Typeform was also one of the only tools we found that allowed you to easily add hyperlinks, something we knew we wanted to do from the beginning. When we spoke with the News Games founders, they shared that — compared to crosswords and word puzzles — news quizzes are where readers most often click to read related articles. Other tools like Flourish’s quiz template only allowed links if we edited the HTML, which we could only download if we upgraded to a paid plan.
How to build your quiz in Typeform
Quiz creators can set up conditional logic, so that statements like “Congrats, that’s correct!” or “Oops, that’s not it” appear based on respondents’ previous answers, allowing for adaptive and personalized experiences.
- Create all of your quiz questions in the Question tab. Click the plus sign next to the word “Content” in the upper left side of your workspace. Here you can generate customized quiz questions including multiple choice, picture choice, yes/no toggles, and open-ended formats.
- Create statements for each correct and incorrect answer. You do this the same way as creating a question. We created individual statements for each question so that we could link the related story to provide more context and information.
- To connect the “correct” statement to the answer, navigate to Logic on the right-hand panel. Then, click on the question. This is where you can set up rules like “If Question 1 is A then go to Statement 1.”
This tutorial on Typeform’s site was also helpful for learning how to score a quiz and set specific endings.
How to embed your quiz
Another reason we liked Typeform: it integrates well with websites and email platforms for easy embedding and distribution. You can copy a Typeform generated quiz link or embed code straight into your website, blog, or newsletter to collect responses in real-time.

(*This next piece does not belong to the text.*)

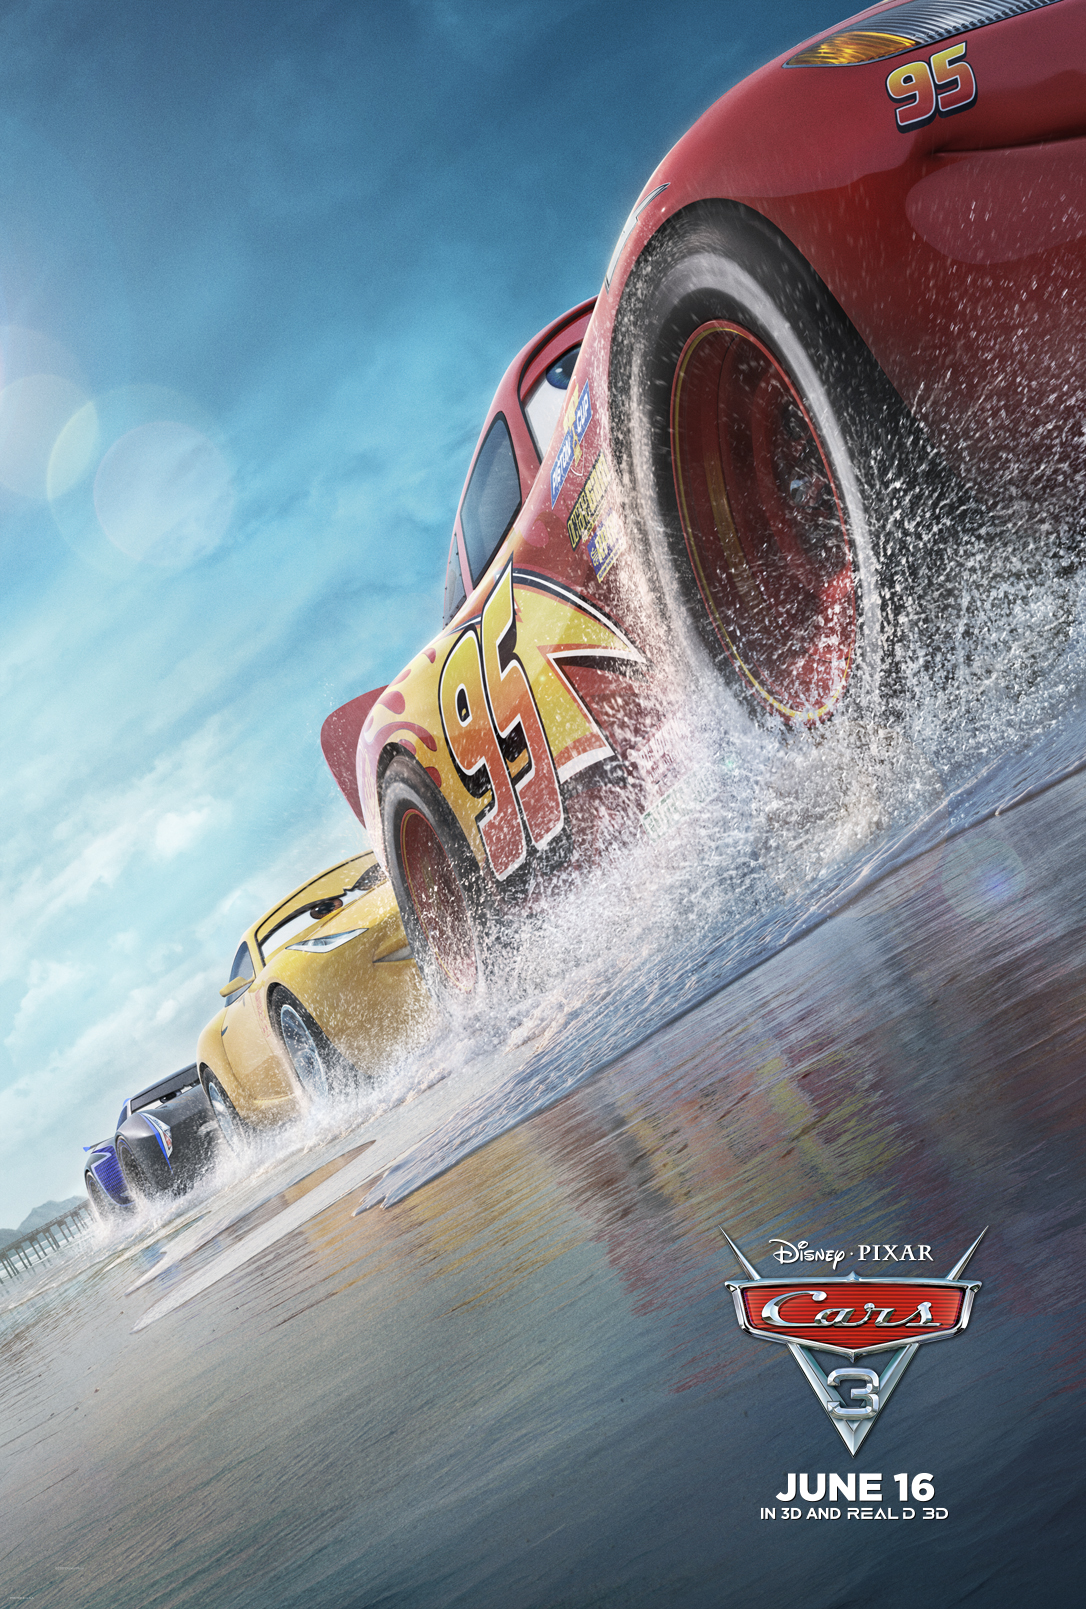 New Details & Photos on Pixar’s Cars 3!

When we tested this on Mailchimp, using the custom HTML block, readers can answer the first question directly in the newsletter and then will be redirected to the Typeform link with the full quiz.
Built in analytics
You don’t need an outside tool to measure basic analytics and actionable insights from a Typeform quiz. Typeform tracks question response rates, drop off points, answer variations, completion times and more. Quiz creators can access user-friendly reports to decode trends across all of these data points. This enables data-driven decisions to optimize future quizzes for more engagement going forward and personalize experiences for your readers.

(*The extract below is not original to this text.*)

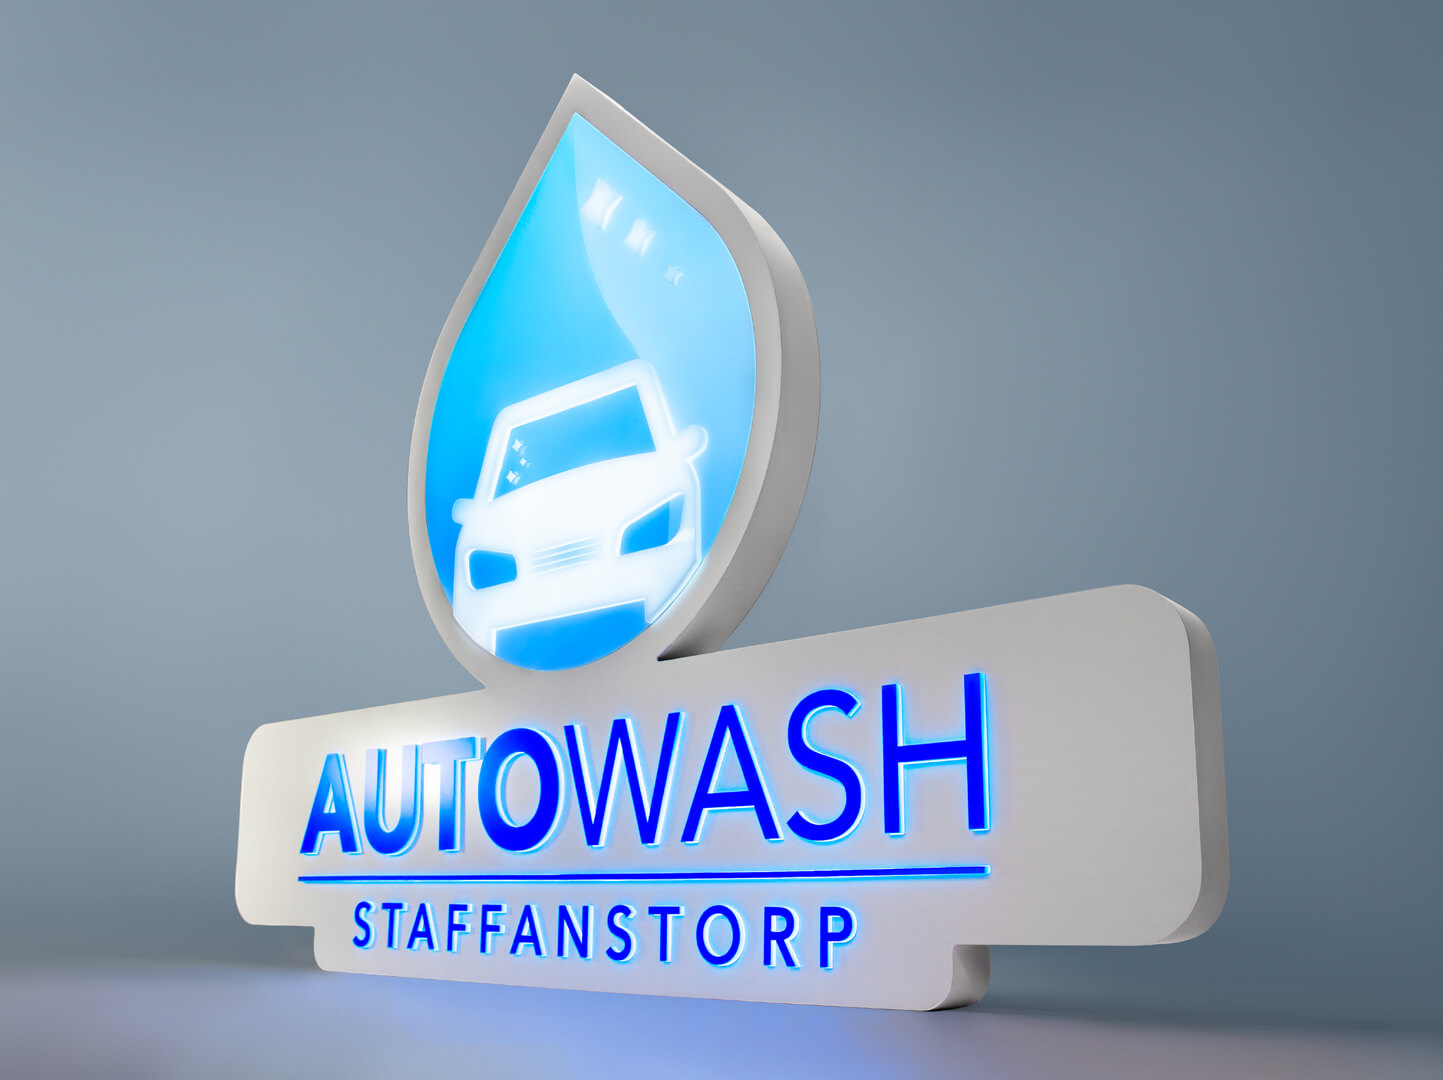 Autowash - Single-sided lightbox box in the shape of a logo for the company Autowash

The question-by-question analytics also showed how many people answered correctly.
Additional considerations: sponsored questions, incentives, AI
When we began planning with Missouri Business Alert, we knew we wanted the option to offer sponsored questions, whether that meant collaborating with advertisers to generate questions related to their businesses or products, or putting sponsor’s information on a slide after the user completes a quiz question.
We also considered offering incentives to quiz participants. We hadn’t seen this often, but The Conversation told us that they saw a good response when they offered stickers to the first 10 people who emailed their screenshot of a completed quiz. For MBA, we thought they could offer a similar small gift to the first five quiz participants who answered all the quizzes correctly.
While we also considered using AI tools like ChatGPT or Bard for inspiring ideas or options for multiple choice answers — something some newsrooms said they’ve experimented with — we ultimately decided that any use of AI would require vetting and review time that we and MBA didn’t have.
In contrast, some newsrooms like Spotlight PA even specify that their quiz is “made by humans,” to distinguish that they do not use AI to generate their quiz. Small touches like this to show personality in your news quiz can sometimes remind readers that there are, in fact, humans behind it.